Courgette fries were a mistake - long slices of courgette that I presume must be dried before deep frying but that still just tasted really watery. The batter was crispy but pretty bland and when they were dunked in sauce to add flavour bits of the batter started coming away just causing a right mess. Some vegetables are just not made to be deep fried and watery courgette is certainly near the top of that list for me.

The classic Byron was a very solid 8/10 burger and the "burger of the month" was a tonne of fun.
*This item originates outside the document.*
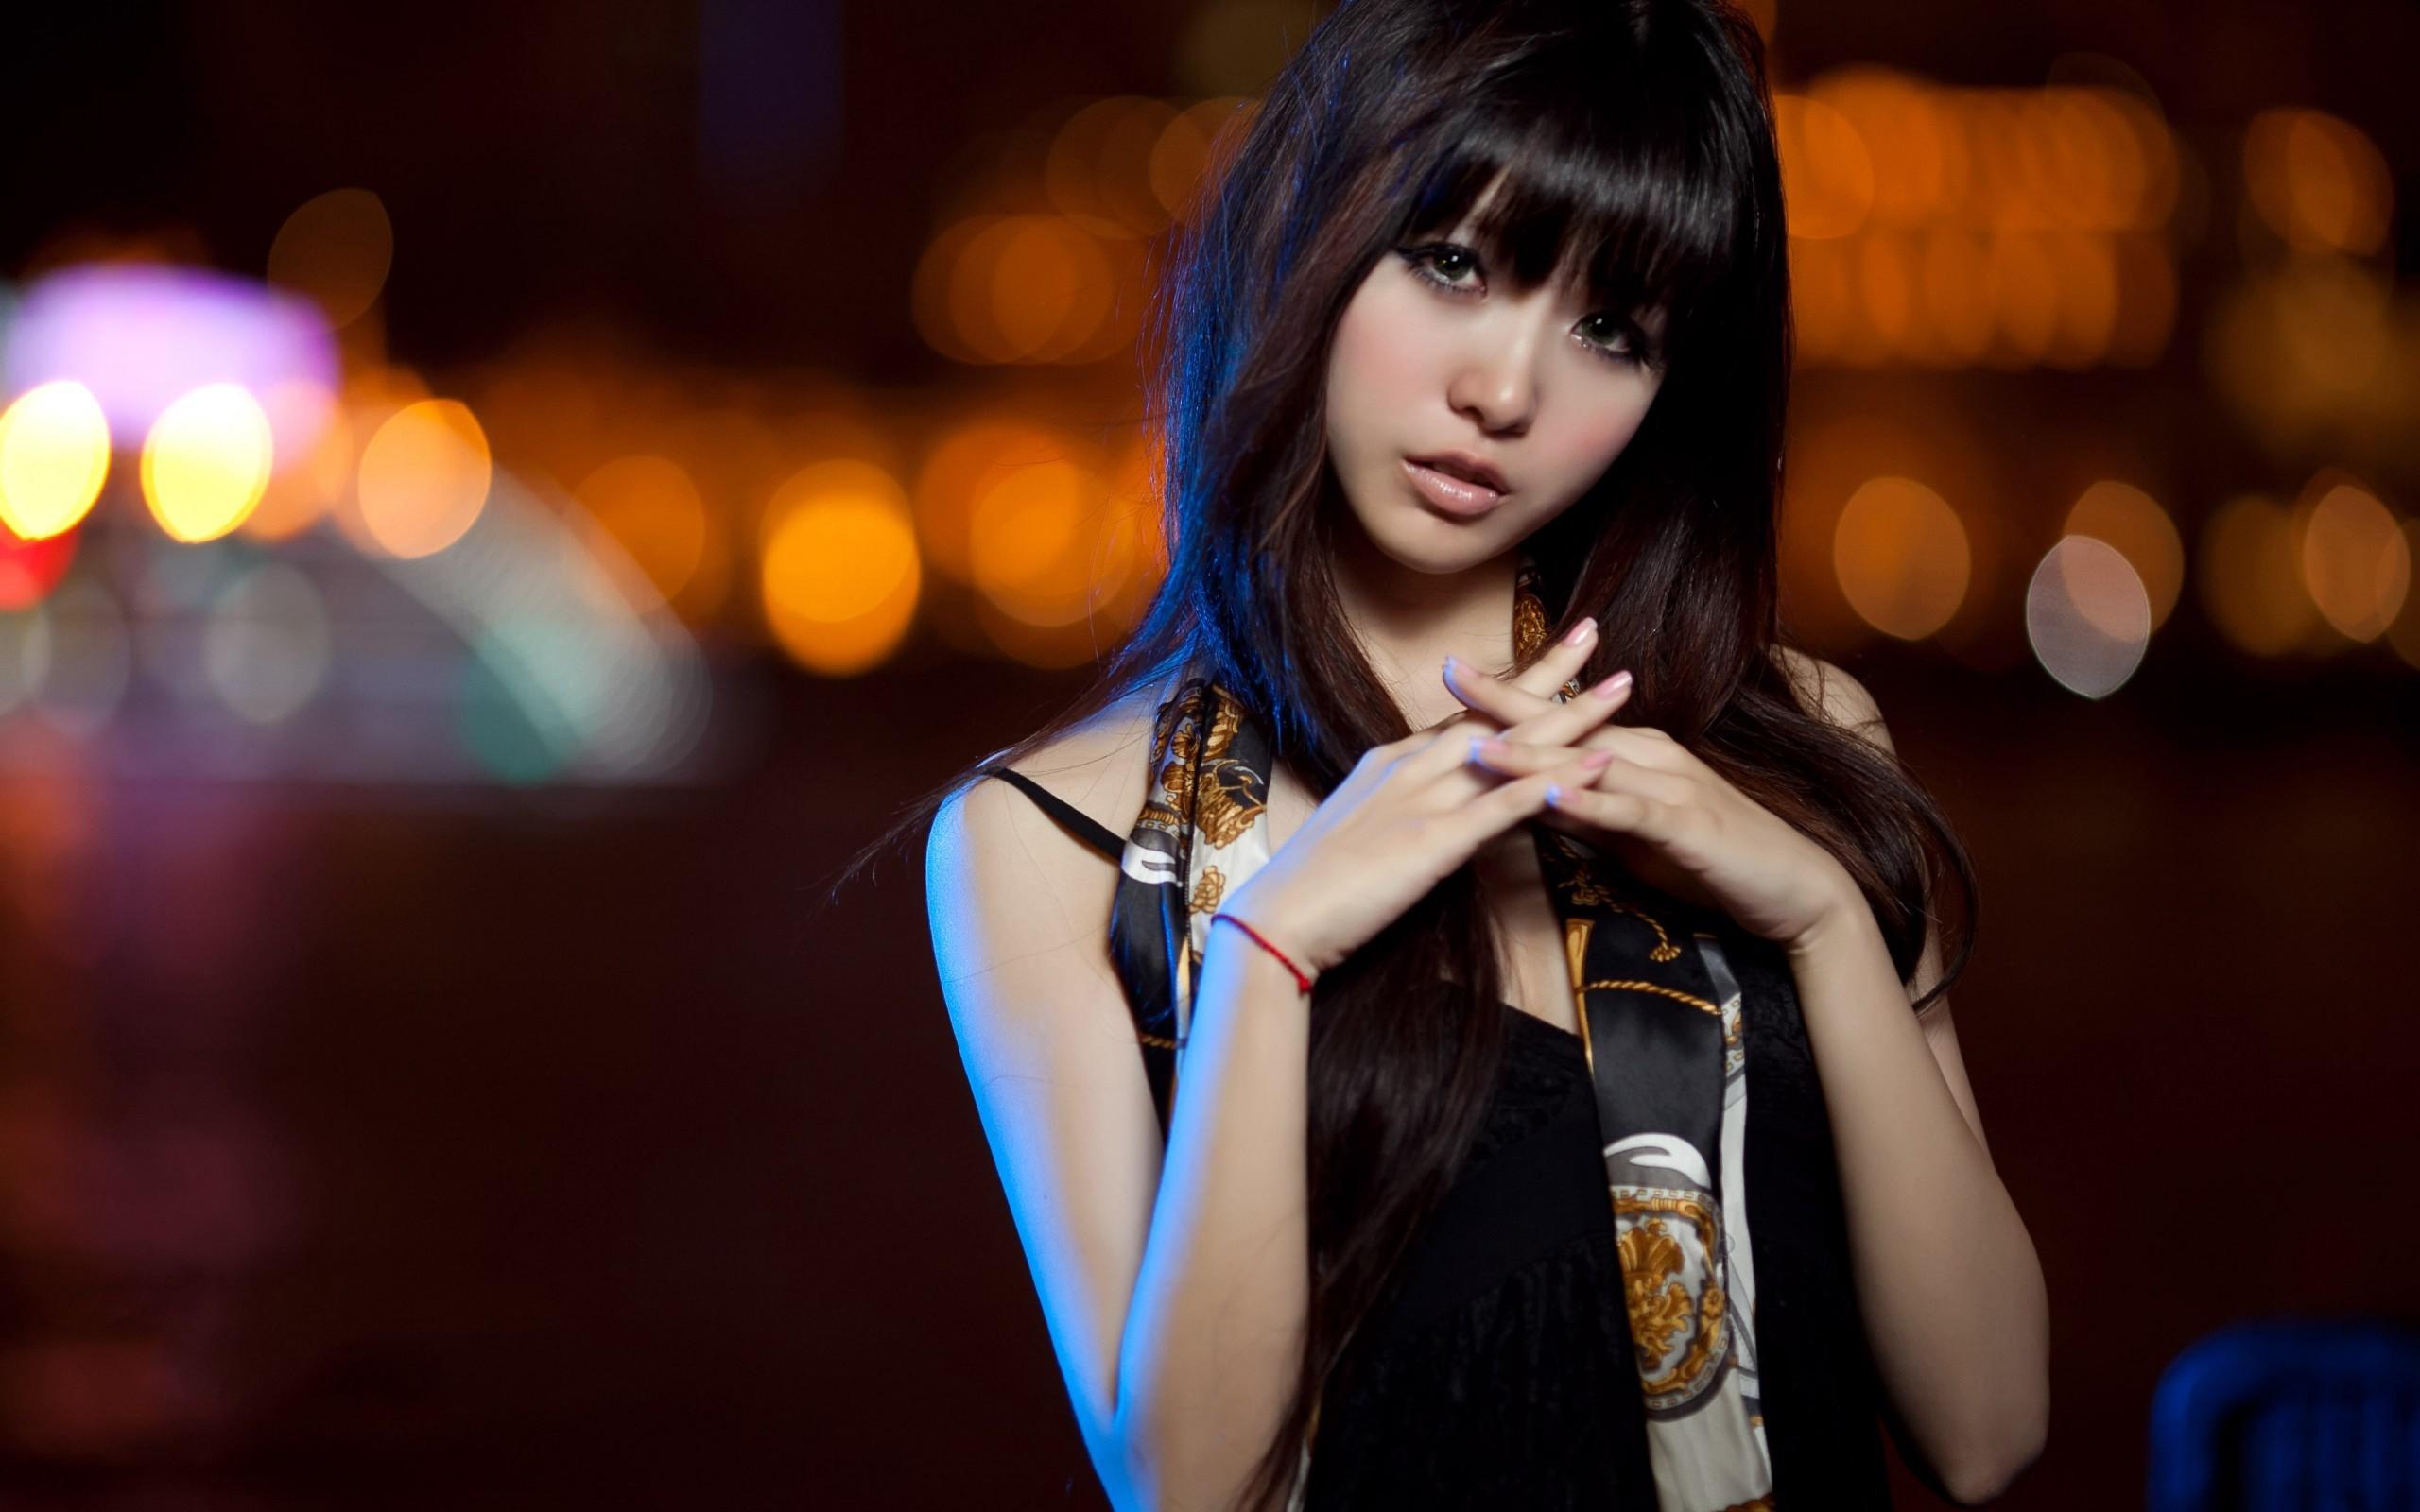 Linda joven asiática - 2560x1600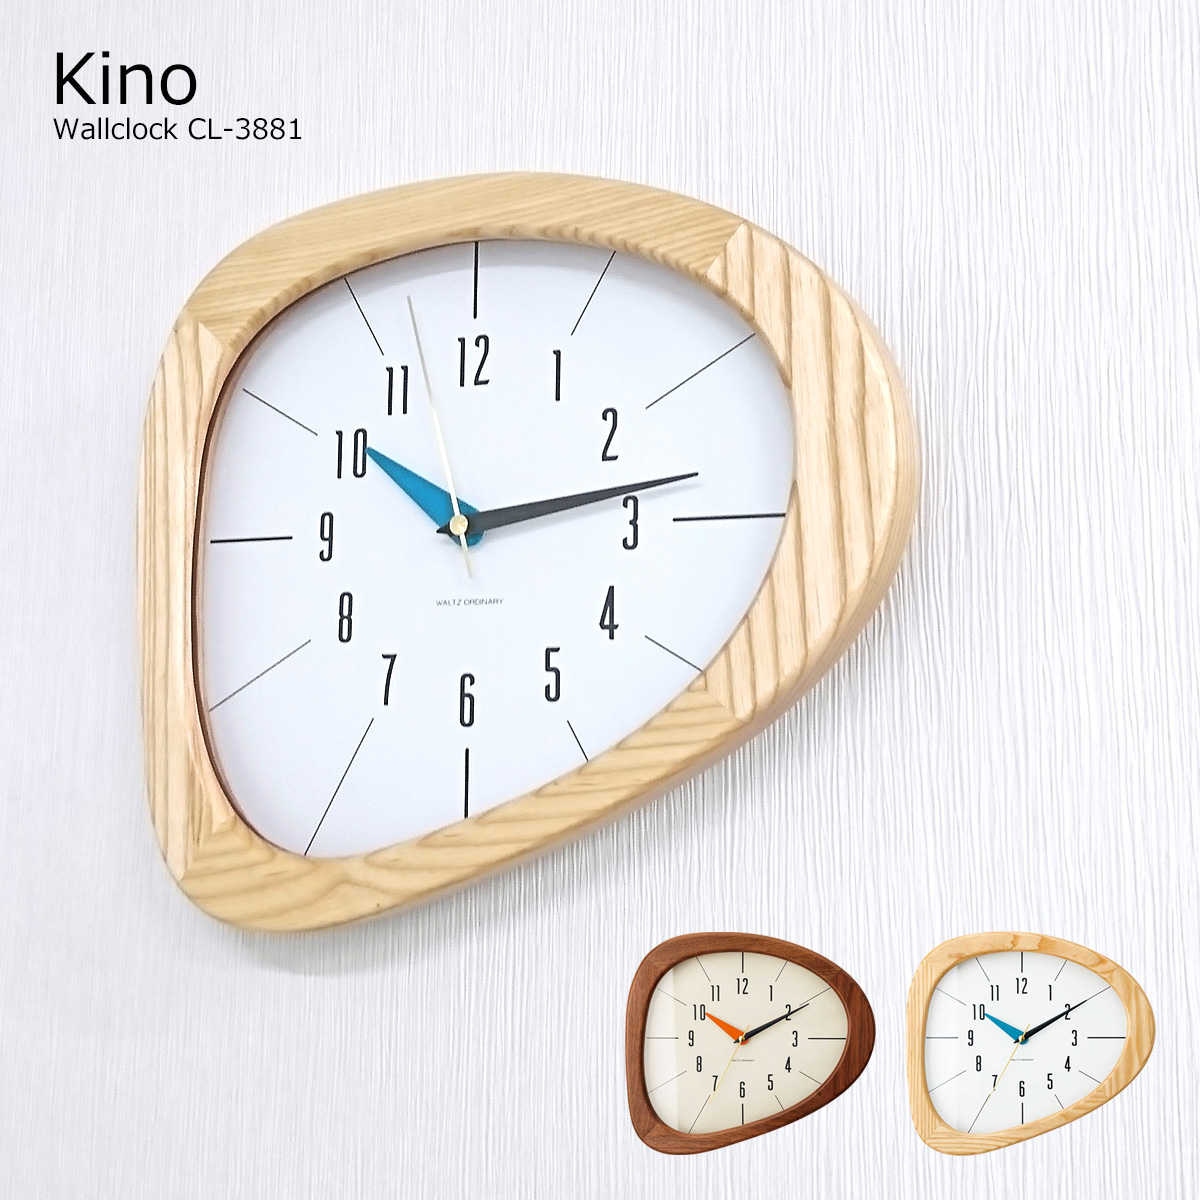 【あす楽】壁掛け時計 Kino キーノ CL-3881 北欧 掛け時計 シンプル オシャレ インターフォルム 静音 ナチュラル アシンメトリー 左右非対称 木製 スイープ 新生活

Quick shout out to the serving staff who were all extremely up-beat considering it was a busy Saturday lunch time, the service was fast and efficient. I feel like i've slightly overlooked Byron and will be keeping an eye more closely on their specials in the future. I do think that at just under £40 for two burgers, two beers and a side of courgette fries it was a shade more expensive than Almost Famous so they'd still be my preference but the standard of the food and imagination in the special can't be disputed.